(Task statement):
Copy each line below as it stands, but skip any picture it contains.

(Dataset extract):
# # # #
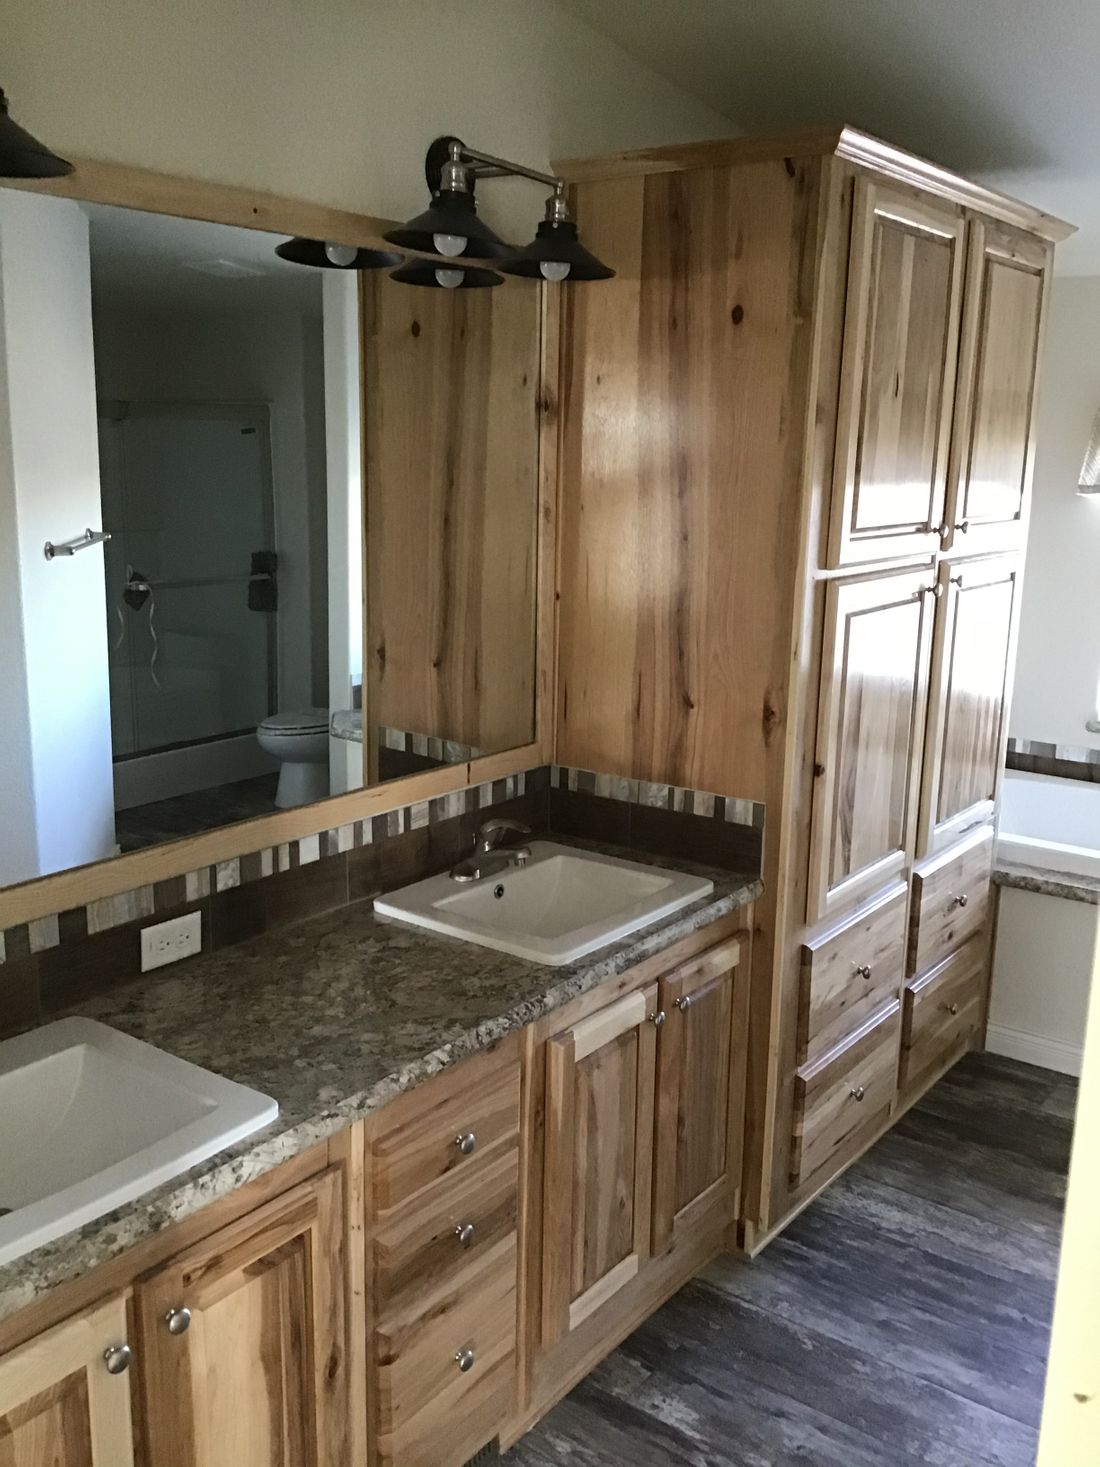 The 9596S RAINIER Primary Bathroom. This Manufactured Mobile Home features 3 bedrooms and 2 baths.
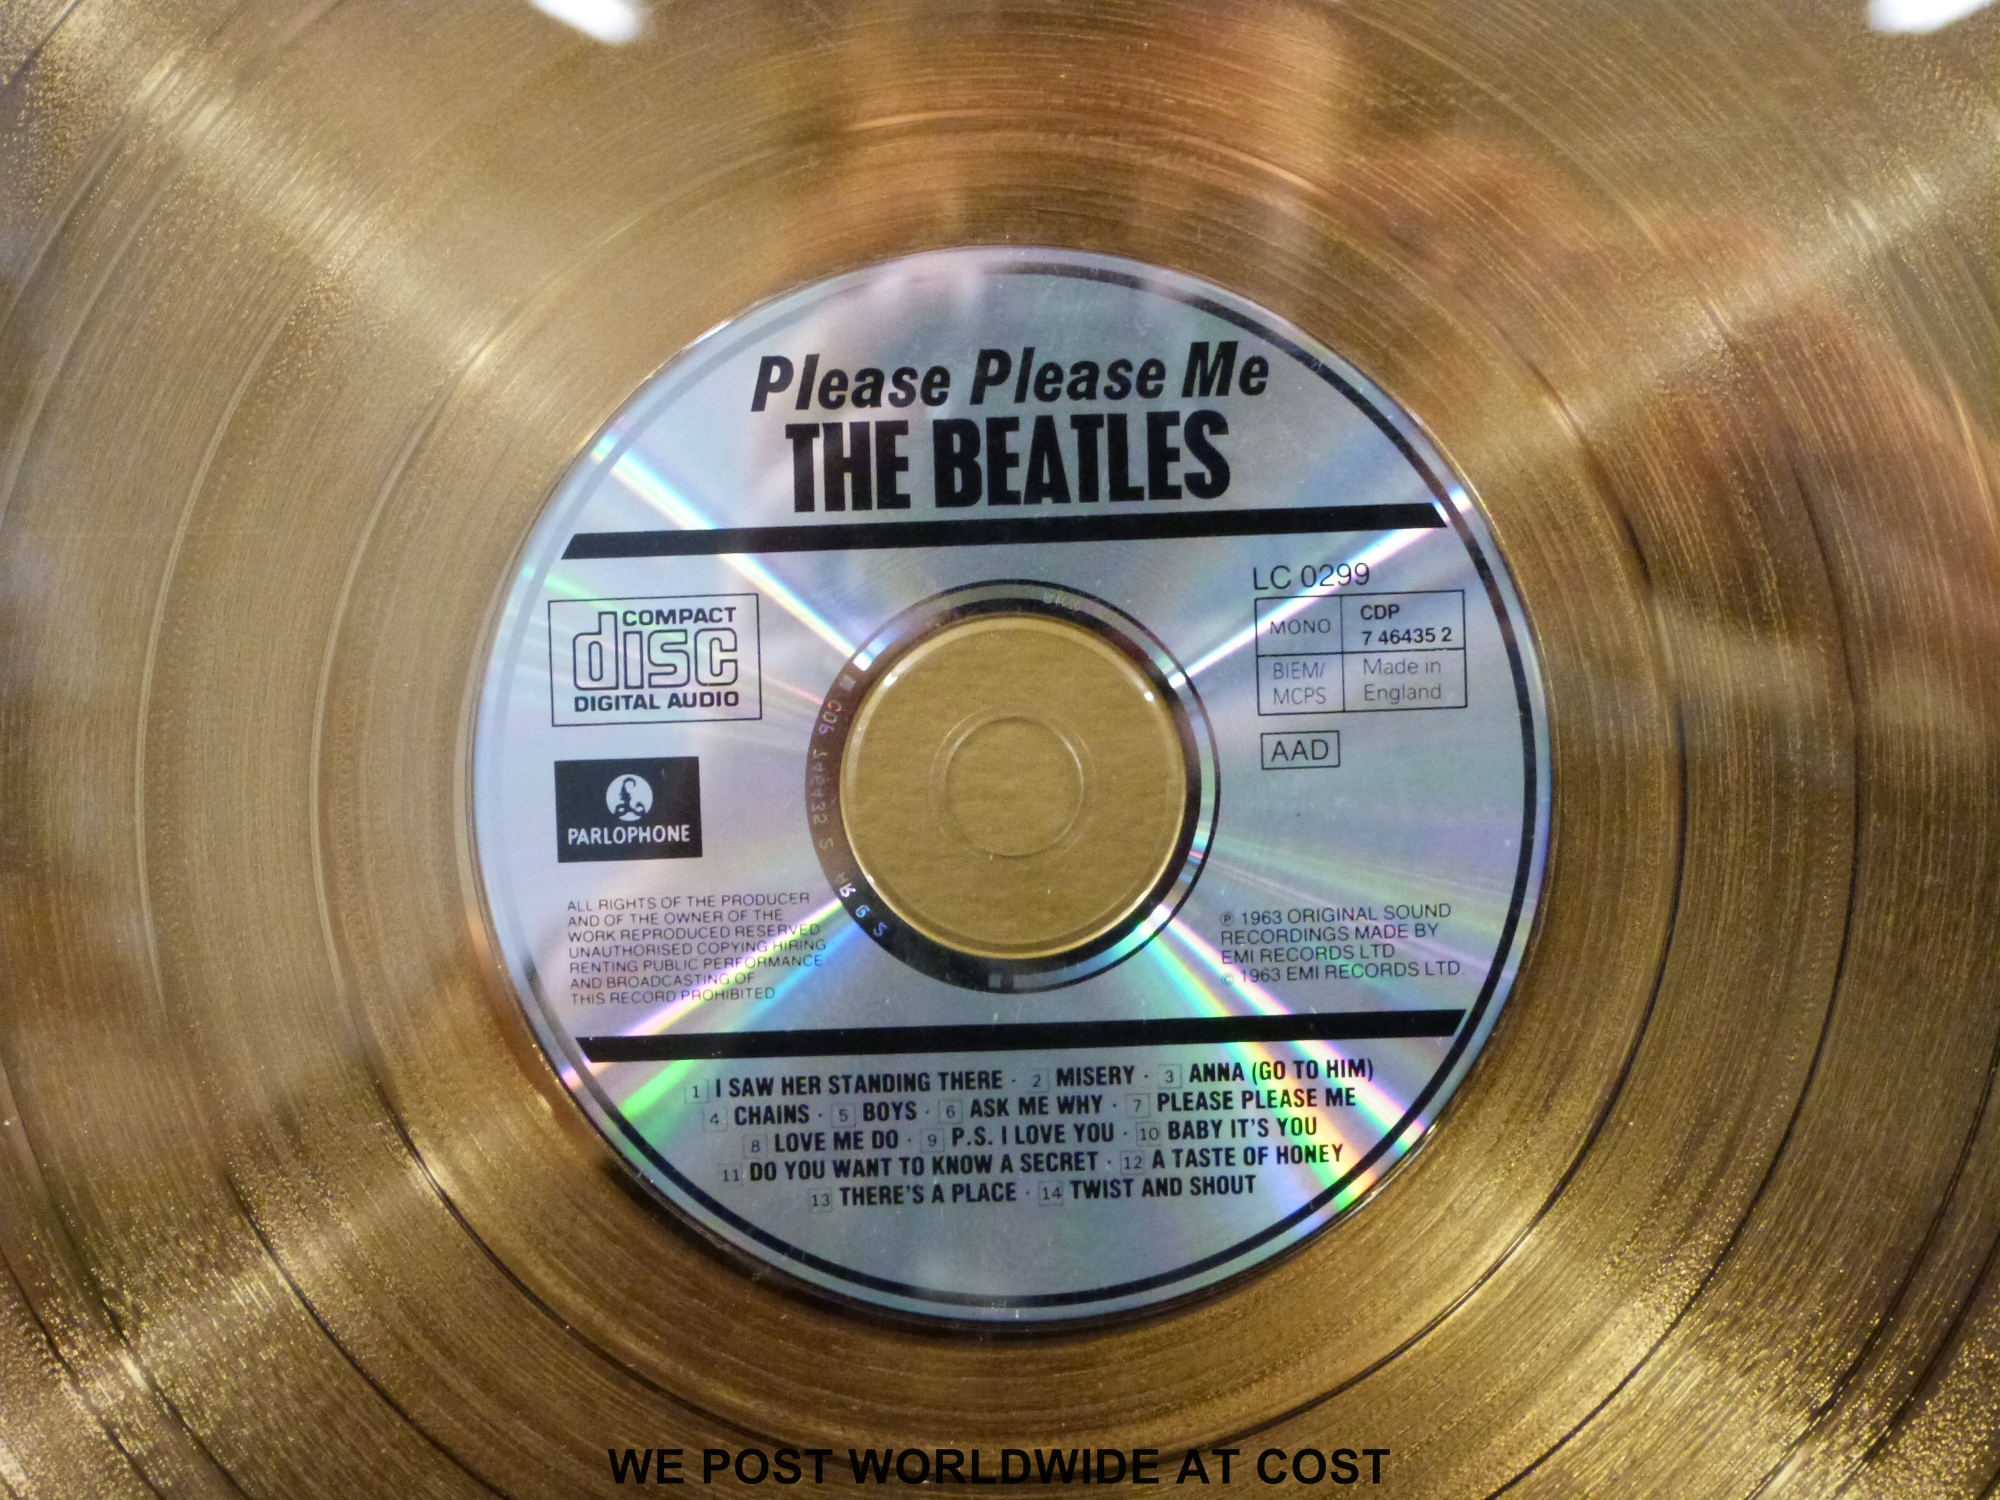 A framed (18” x 23”) “Gold” disc of The Beatles “Please Please Me” LP. - Image 4 of 4
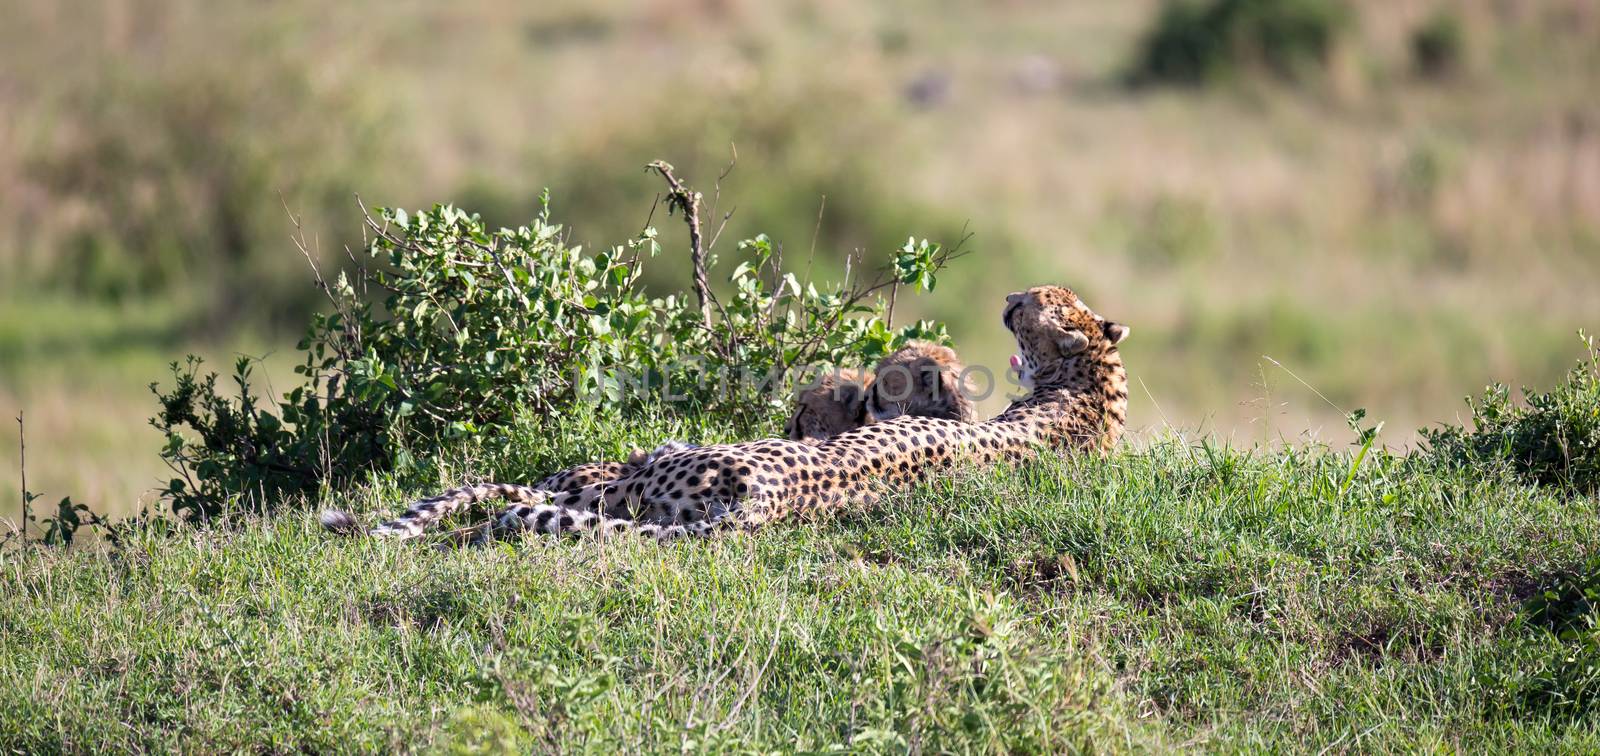 A cheetah mother with two children in the Kenyan savannah by 25ehaag6
# # # #
(Completed task):
 The 9596S RAINIER Primary Bathroom. This Manufactured Mobile Home features 3 bedrooms and 2 baths.
 A framed (18” x 23”) “Gold” disc of The Beatles “Please Please Me” LP. - Image 4 of 4
 A cheetah mother with two children in the Kenyan savannah by 25ehaag6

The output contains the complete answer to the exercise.